What you are asked to do:
Set down nothing but the lines from the one containing "Ikea GOSIG GOLDEN" to the final line of the material, exactly as written, and drop the pictures.

Stored data:
++++++

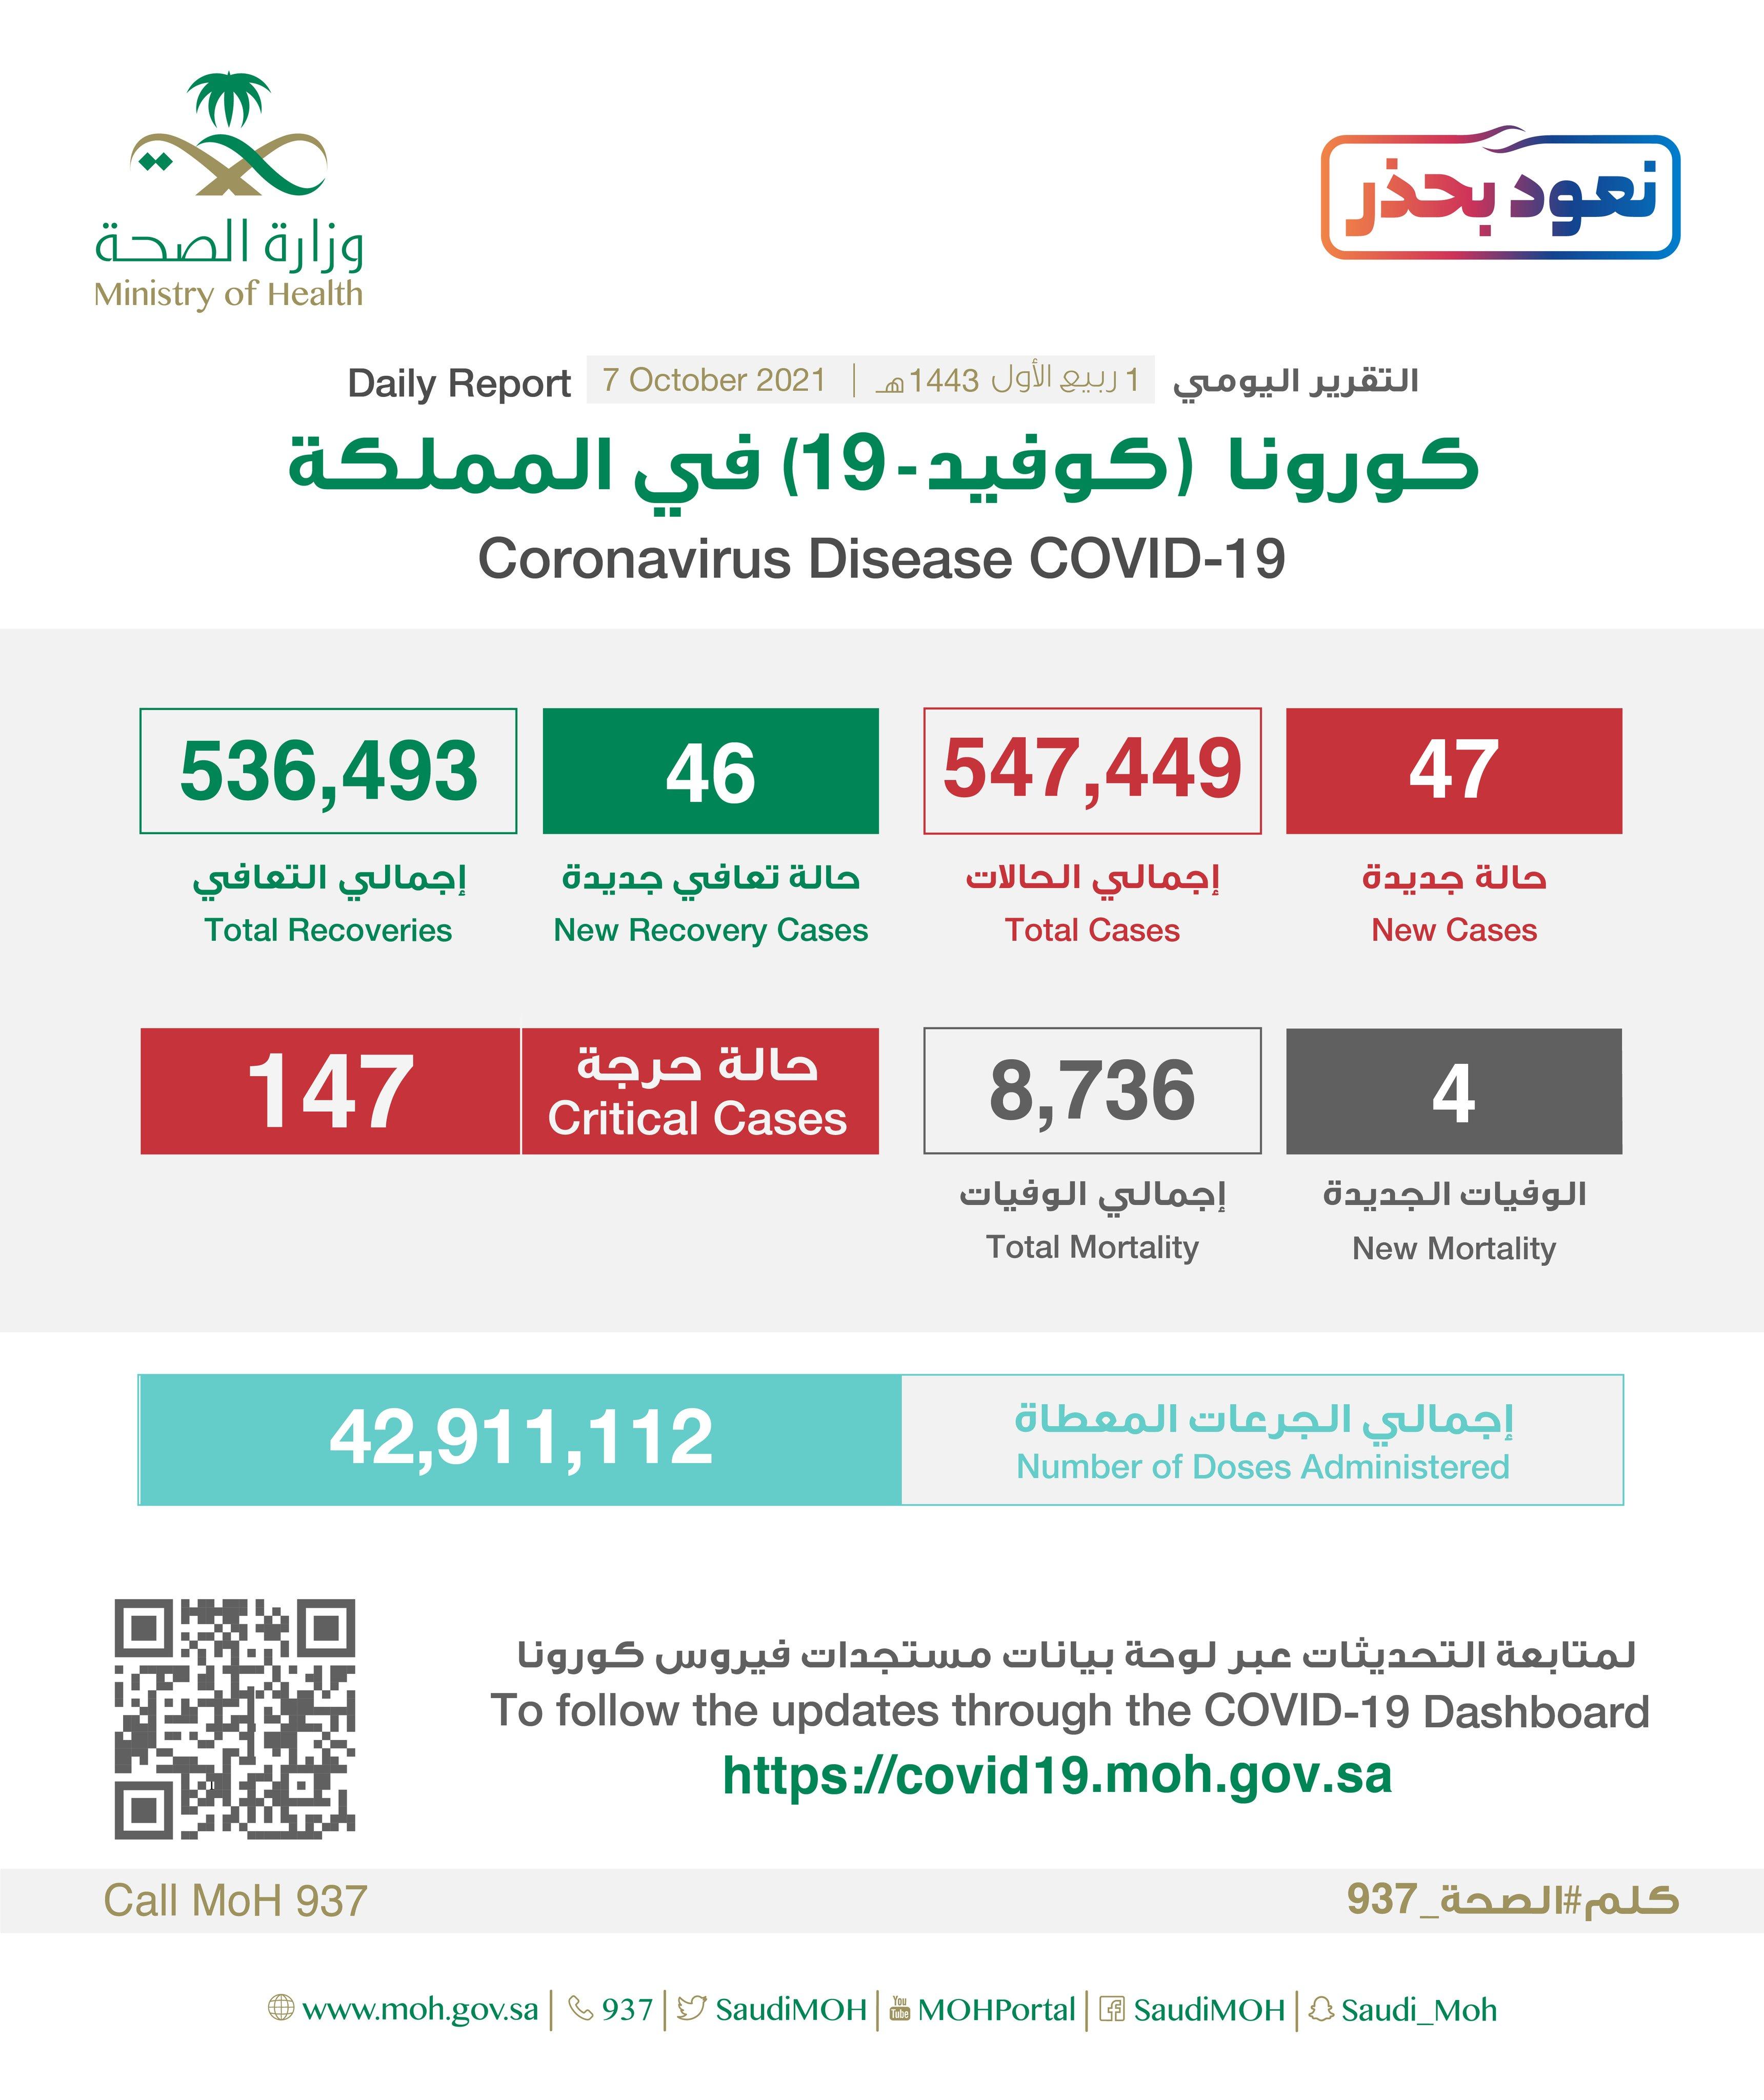 Saudi Arabia Coronavirus : Total Cases : 547,449, New Cases : 47, Cured : 536,493 , Deaths: 8,736, Active Cases : 2,220
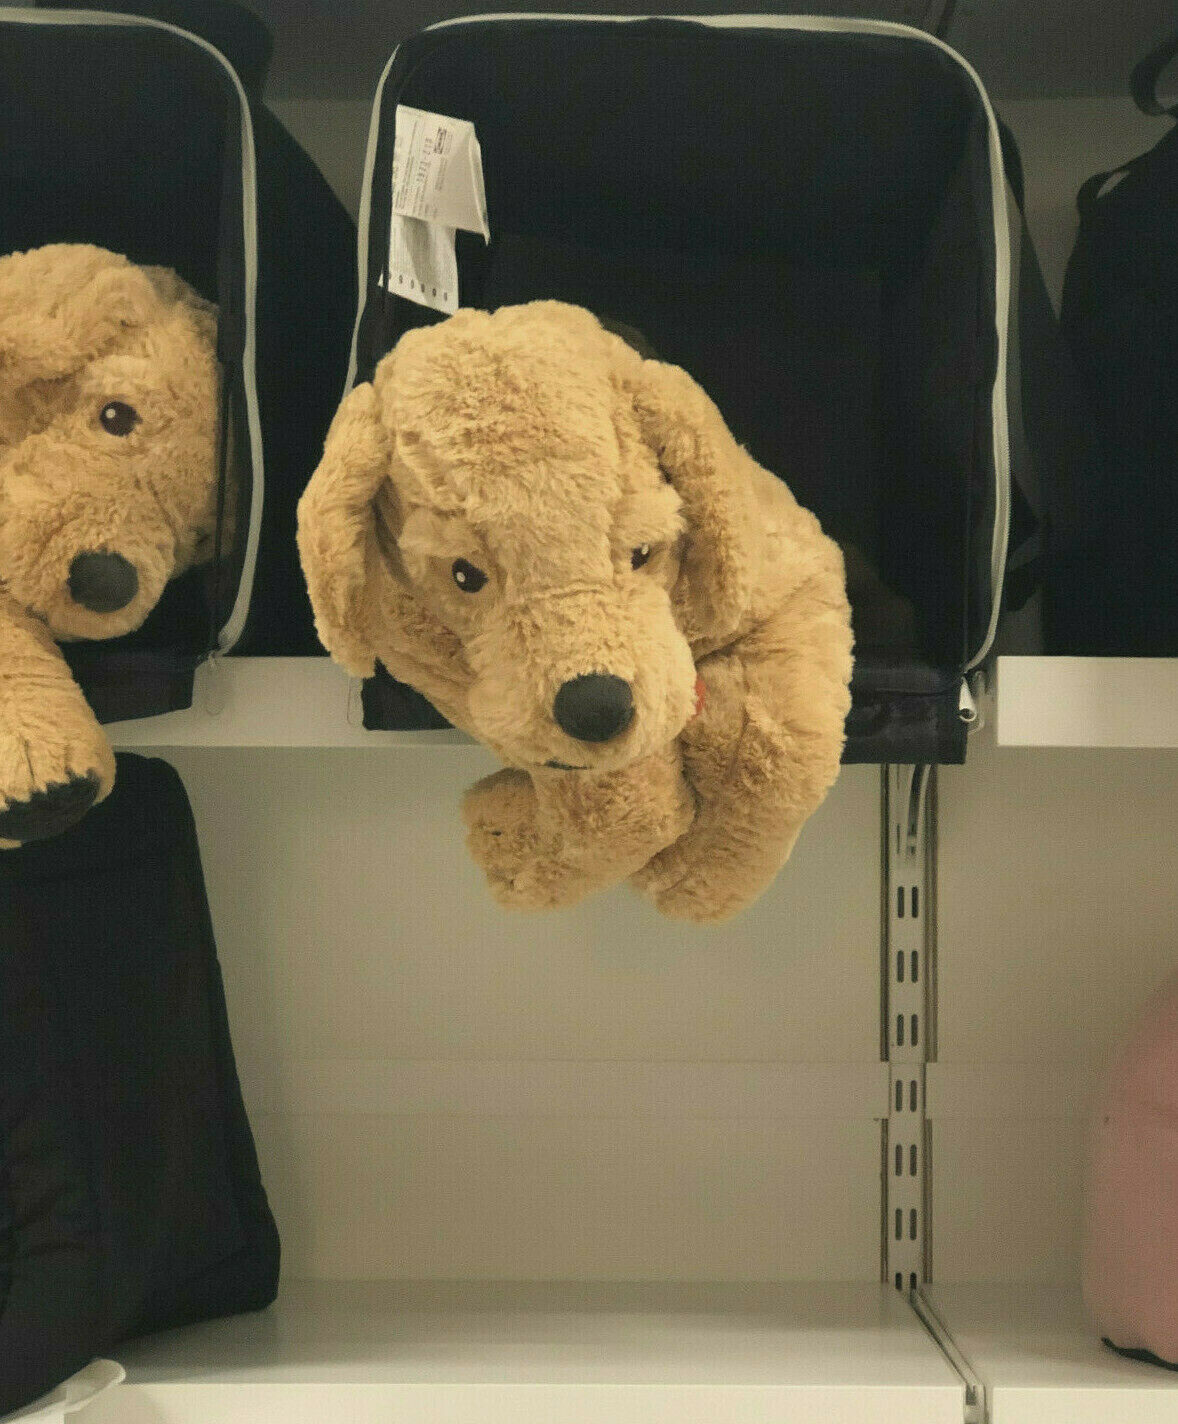 Ikea GOSIG GOLDEN 40 cm Kuscheltier Retriever Stofftier Hund Geschenk Kind NEU*
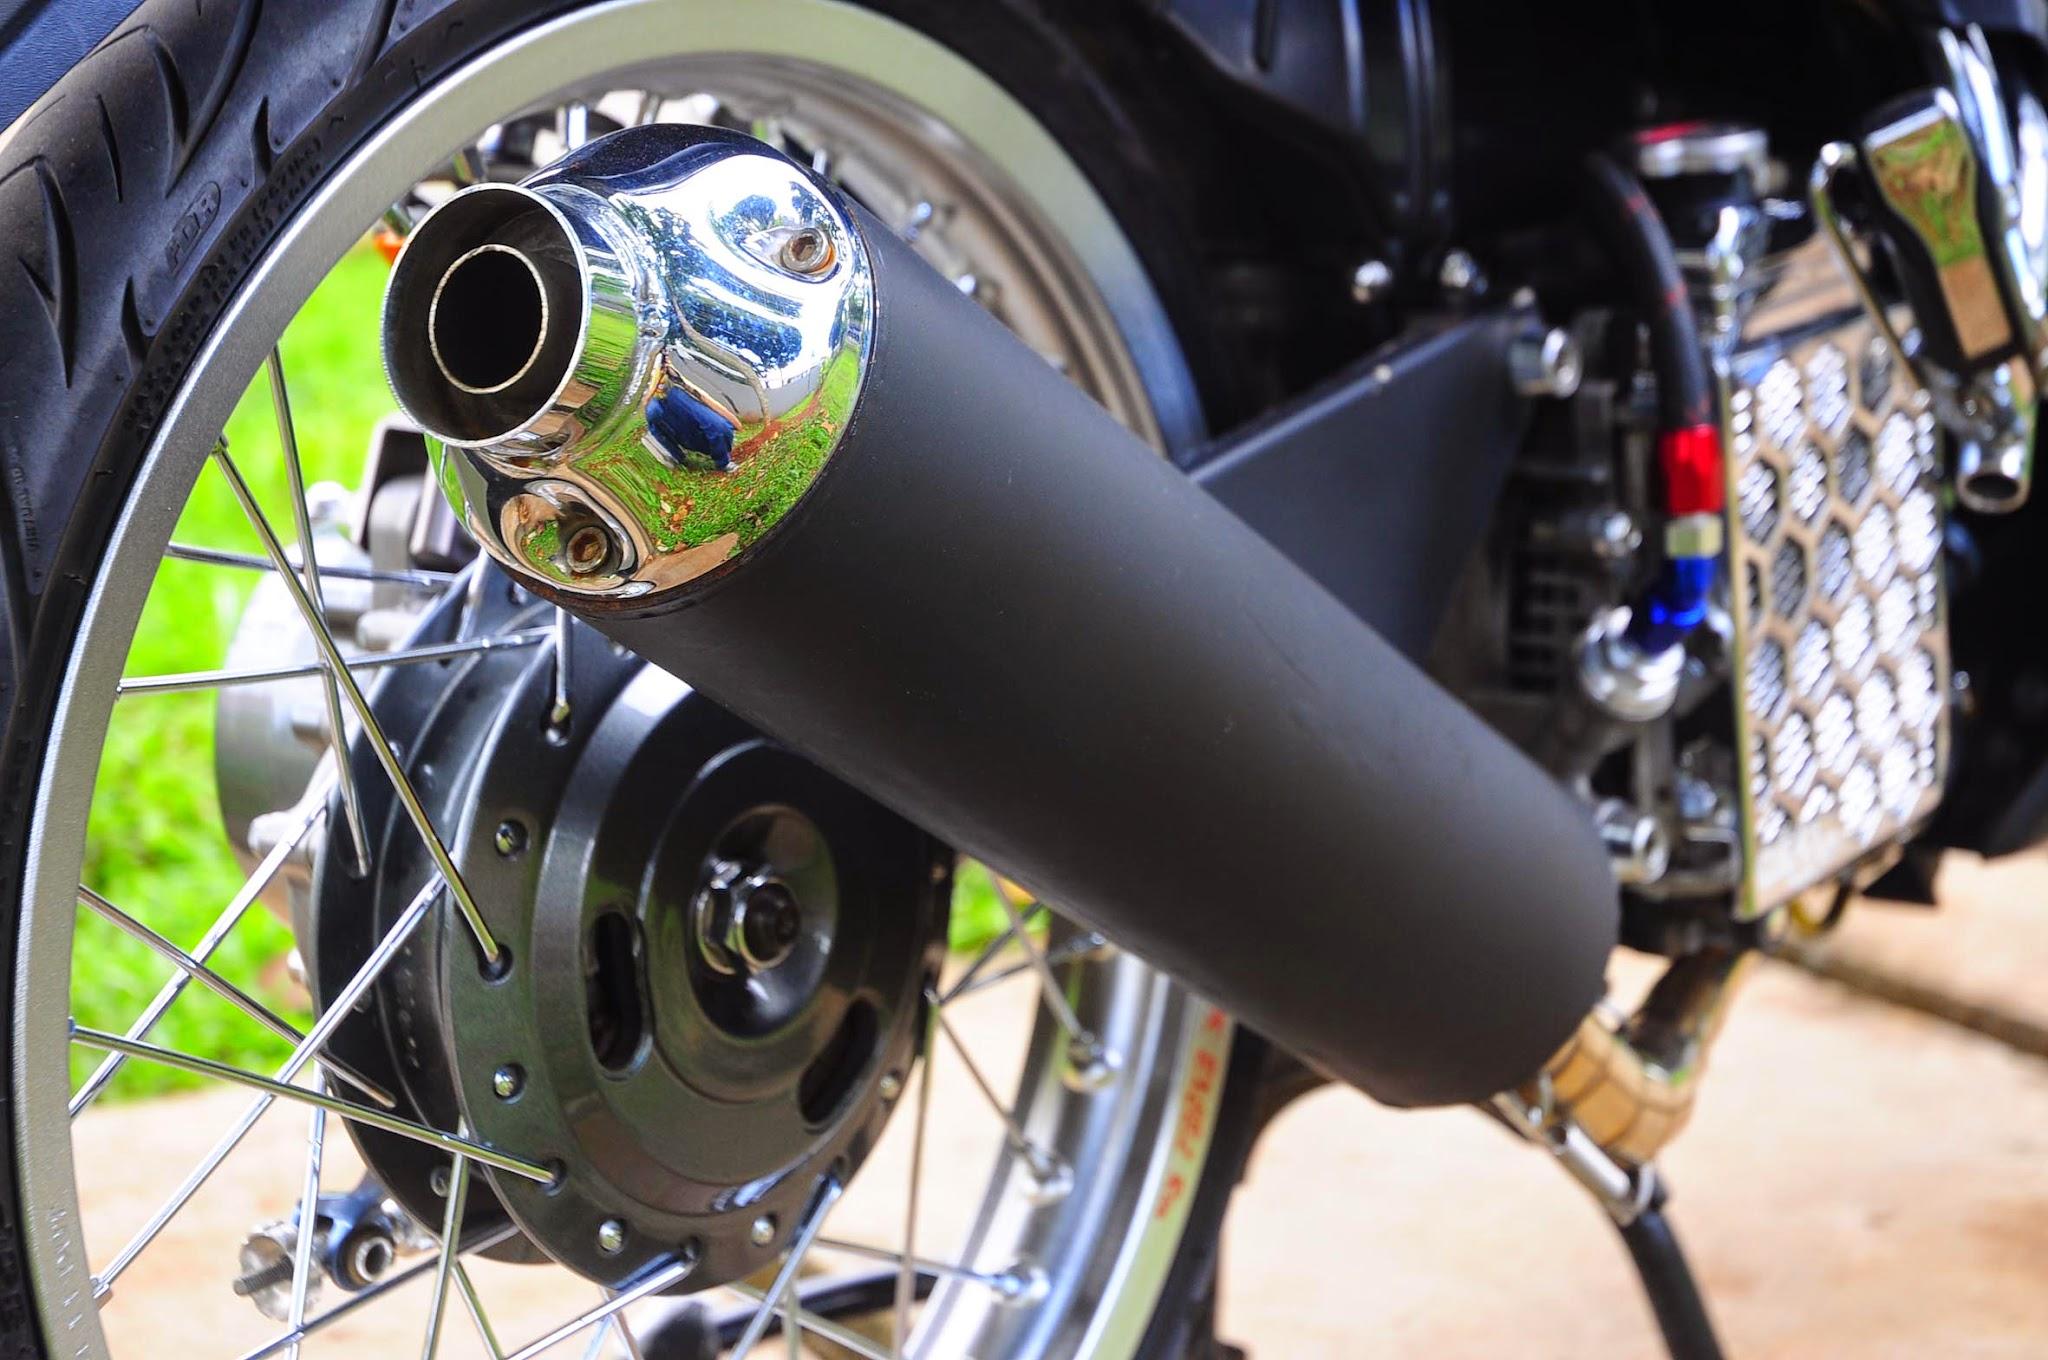 modifikasi motor vario techno 125 pgm fi

++++++

Solution:
 Ikea GOSIG GOLDEN 40 cm Kuscheltier Retriever Stofftier Hund Geschenk Kind NEU*
 modifikasi motor vario techno 125 pgm fi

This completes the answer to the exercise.